Trained by Aidan O’Brien for Coolmore connections, Gleneagles finished fourth in his debut last summer but hasn’t been beaten in seven starts since, though he was disqualified from first to third last fall in the Group 1 Jean-Luc Lagardere. Excellent at 2, Gleneagles has been just as good in two starts this year at 3, though his win over 17 foes in the English 2000 Guineas looked sharper than his half-length score last out in the Irish 2000 Guineas. Gleneagles was trapped behind horses much of the trip in that race.

Make Believe has nothing like Gleneagles’s reputation, but he won the French 2000 Guineas by three lengths over New Bay, who came right back to win the French Derby.

The St. James’s Palace has one right-handed bend and is run on the Old Mile course, which slopes uphill for seven of the race’s eight furlongs. Gleneagles went around a left-handed turn going seven furlongs at Leopardstown in Ireland, but has never raced around a right-handed turn. Make Believe’s recent race came around a right-handed bend.

The unexposed Consort, trained by Michael Stoute, also merits an upset look.

Ward invasion begins

U.S. trainer Wesley Ward has entrants in both 2-year-old races Tuesday, with Finnegan set to contest the Group 2 Coventry, and Ruby Notion one of 26 expected runners in the listed Windsor Castle Stakes.

Finnegan, a brother of Bodemeister, dazzled in a Pimlico turf-sprint win Preakness weekend, and Ward, who said the Coventry is a race he would love to win, believes Finnegan has a strong chance. But Finnegan is a distant second choice in the antepost betting behind the Jim Bolger-trained Round Two.

Ward has twice won the Windsor Castle, including last year’s edition with Hootenanny.
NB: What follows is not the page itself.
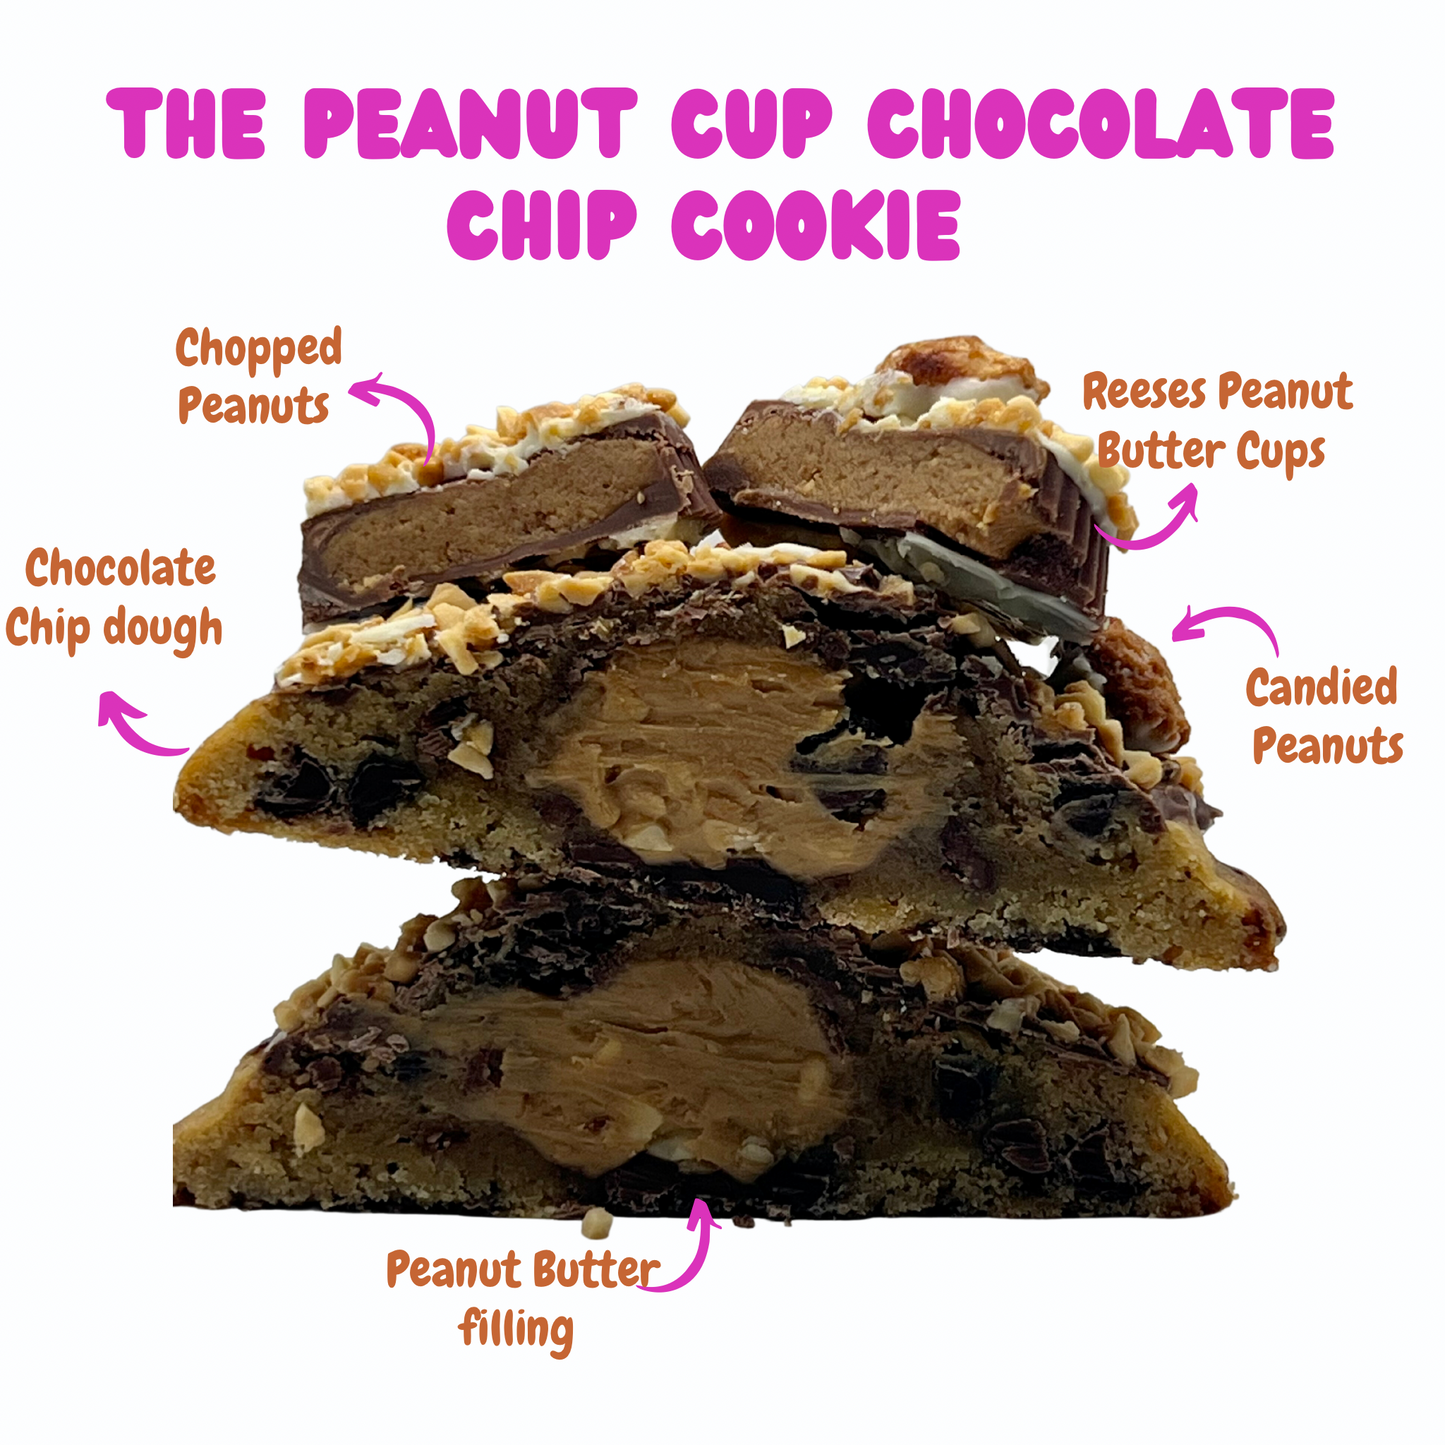 The Peanut Cup Chocolate Chip Cookie broken in half, revealing the gooey chocolate and peanut butter inside.

◗ Sole Power can become the first three-time winner of the Group 1 King’s Stand over five furlongs if he can outrun 18 rivals Tuesday. Eight-year-old Sole Power scored a convincing win in the Meydan Sprint on March 28 and might have found going softer than he prefers over a distance longer than his best when he finished sixth last out going six furlongs at the Curragh.